Use `to_crs()` to reproject one of the input geometries to match the CRS of the other.

Left CRS: +init=epsg:4326 +type=crs
Right CRS: EPSG:4326

  


### Looking where to build 2 new Stores in San Francisco

In [19]:
# Create "San_Francisco) df from "starbucks" 
San_Francisco = starbucks[starbucks["City"]=="San Francisco"]
# Creating a GeoDataFrame of "San_Francisco"
San_Francisco_gdf = gpd.GeoDataFrame(San_Francisco, geometry=gpd.points_from_xy(San_Francisco.Longitude, San_Francisco.Latitude))
# Adding the CRS data
San_Francisco_gdf.crs = {'init': 'epsg:4326'}
# Converting the ESPG to 2263 for unit purposes to convert in metres
San_Francisco_gdf = San_Francisco_gdf.to_crs(epsg=2263)

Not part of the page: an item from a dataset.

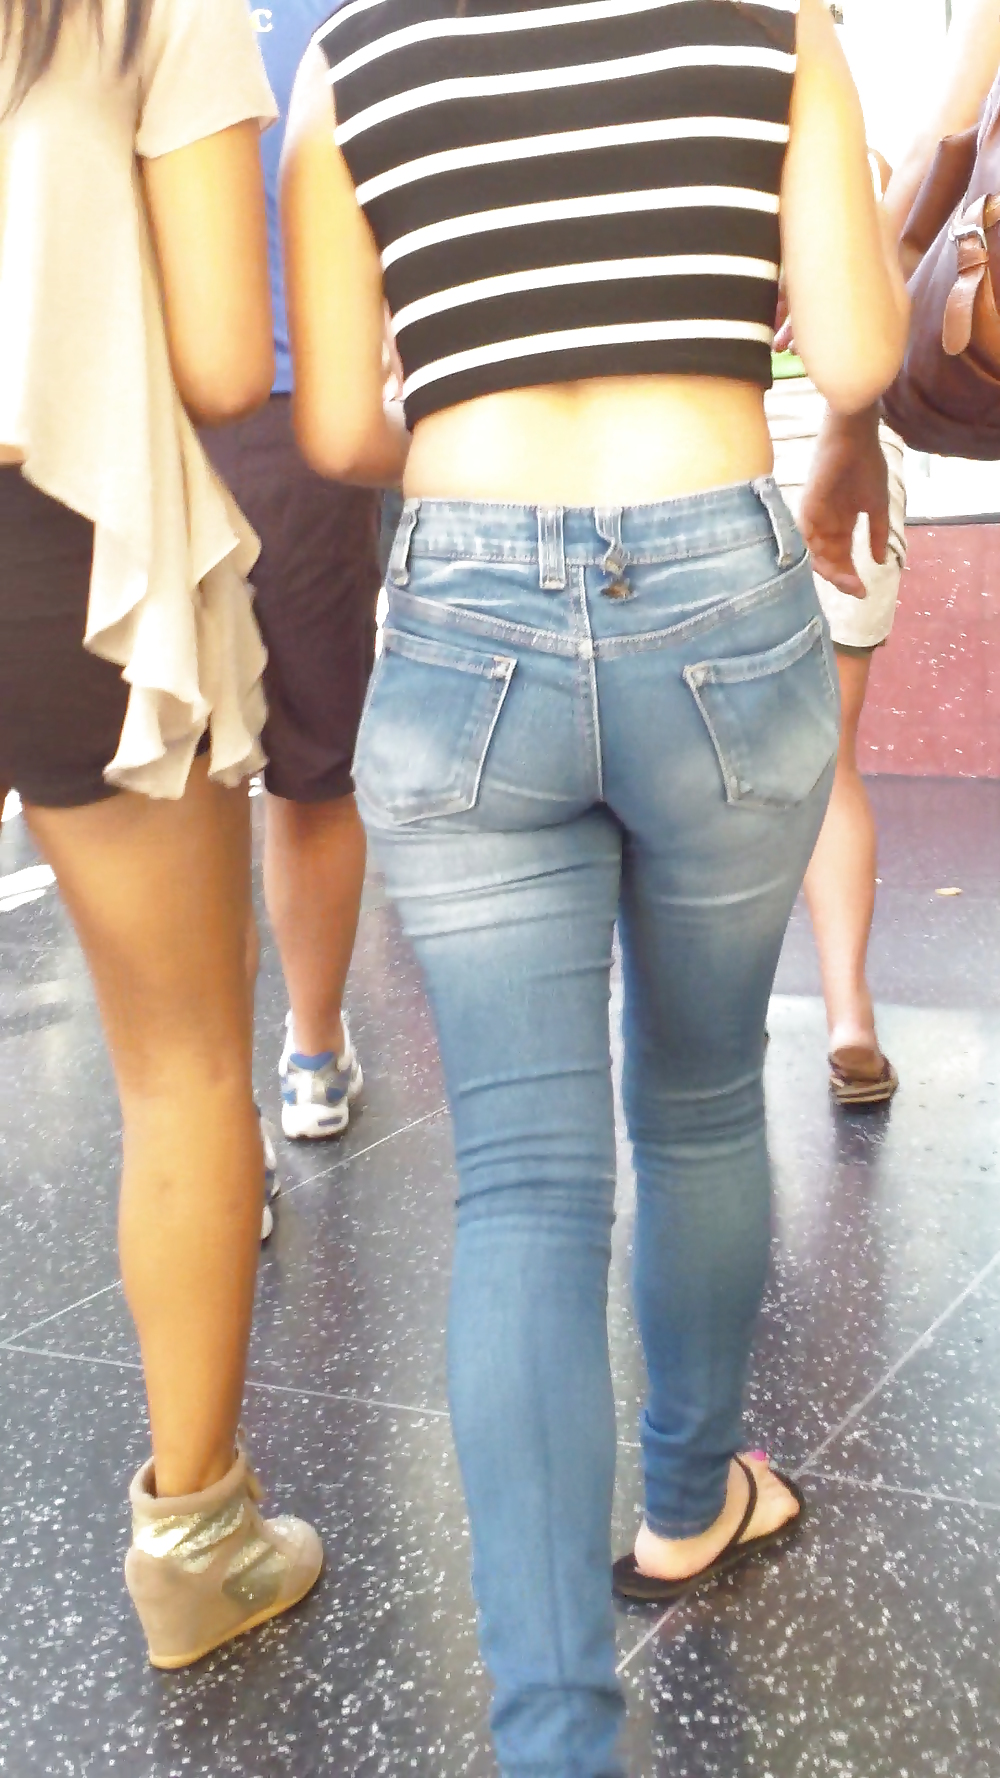 Beautiful cute tight teen ass & butt in blue jeans #21921901

  return _prepare_from_string(" ".join(pjargs))


In [20]:
# Creating a buffer of 1km radius to capture the coverage of each store in "San_Francisco"
buffer_in_meters = (1 * 1000) # Change the kms wished to cover
coverage = gpd.GeoDataFrame(geometry=San_Francisco_gdf.geometry).buffer(buffer_in_meters)

In [29]:
# Create map with release incidents and monitoring stations
m_7 = folium.Map(location=[37.77,-122.4], zoom_start=12)
# View SF stores
for idx, row in San_Francisco_gdf.iterrows():
    Marker([row['Latitude'], row['Longitude']]).add_to(m_7)
# Plot each polygon on the map
folium.GeoJson(coverage.geometry.to_crs(epsg=4326)).add_to(m_7)
# Adding the Ltn and Lat data markers
folium.LatLngPopup().add_to(m_7)
# Show map - When clicking on the map, it will display the Lat. and Long.
m_7

In [30]:
# Provide 2 new locations for potential new stores
# Proposed location of hospital 1
lat_1 = 37.7771
long_1 = -122.4650

# Proposed location of hospital 2
lat_2 = 37.7442
long_2 = -122.4136

# Do not modify the code below this line - Creating a new_df based on choosen location
new_df = pd.DataFrame(
        {'Latitude': [lat_1, lat_2],
         'Longitude': [long_1, long_2]})
new_gdf = gpd.GeoDataFrame(new_df, geometry=gpd.points_from_xy(new_df.Longitude, new_df.Latitude))
new_gdf.crs = {'init' :'epsg:4326'}
new_gdf = new_gdf.to_crs(epsg=2263) # Converting to ESPG 2263 to be on the same scale as previous map
# get new coverage
new_coverage = gpd.GeoDataFrame(geometry=new_gdf.geometry).buffer(buffer_in_meters)
# make the map
m_8 = folium.Map(location=[37.77,-122.4], zoom_start=12) 
folium.GeoJson(coverage.geometry.to_crs(epsg=4326)).add_to(m_8) # Adding existing coverage
folium.GeoJson(new_coverage.geometry.to_crs(epsg=4326)).add_to(m_8) # Adding new coverage
# Add new stores
for idx, row in new_gdf.iterrows():
    Marker([row['Latitude'], row['Longitude']], icon=folium.Icon(color="red")).add_to(m_8)
# View existing stores
for idx, row in San_Francisco_gdf.iterrows():
    Marker([row['Latitude'], row['Longitude']]).add_to(m_8)
folium.LatLngPopup().add_to(m_8)
# Display Map labelled with Red dots
m_8

  return _prepare_from_string(" ".join(pjargs))


## Conclusion
The above is where I believe we should build 2 new Starbucks Reserve Roastery.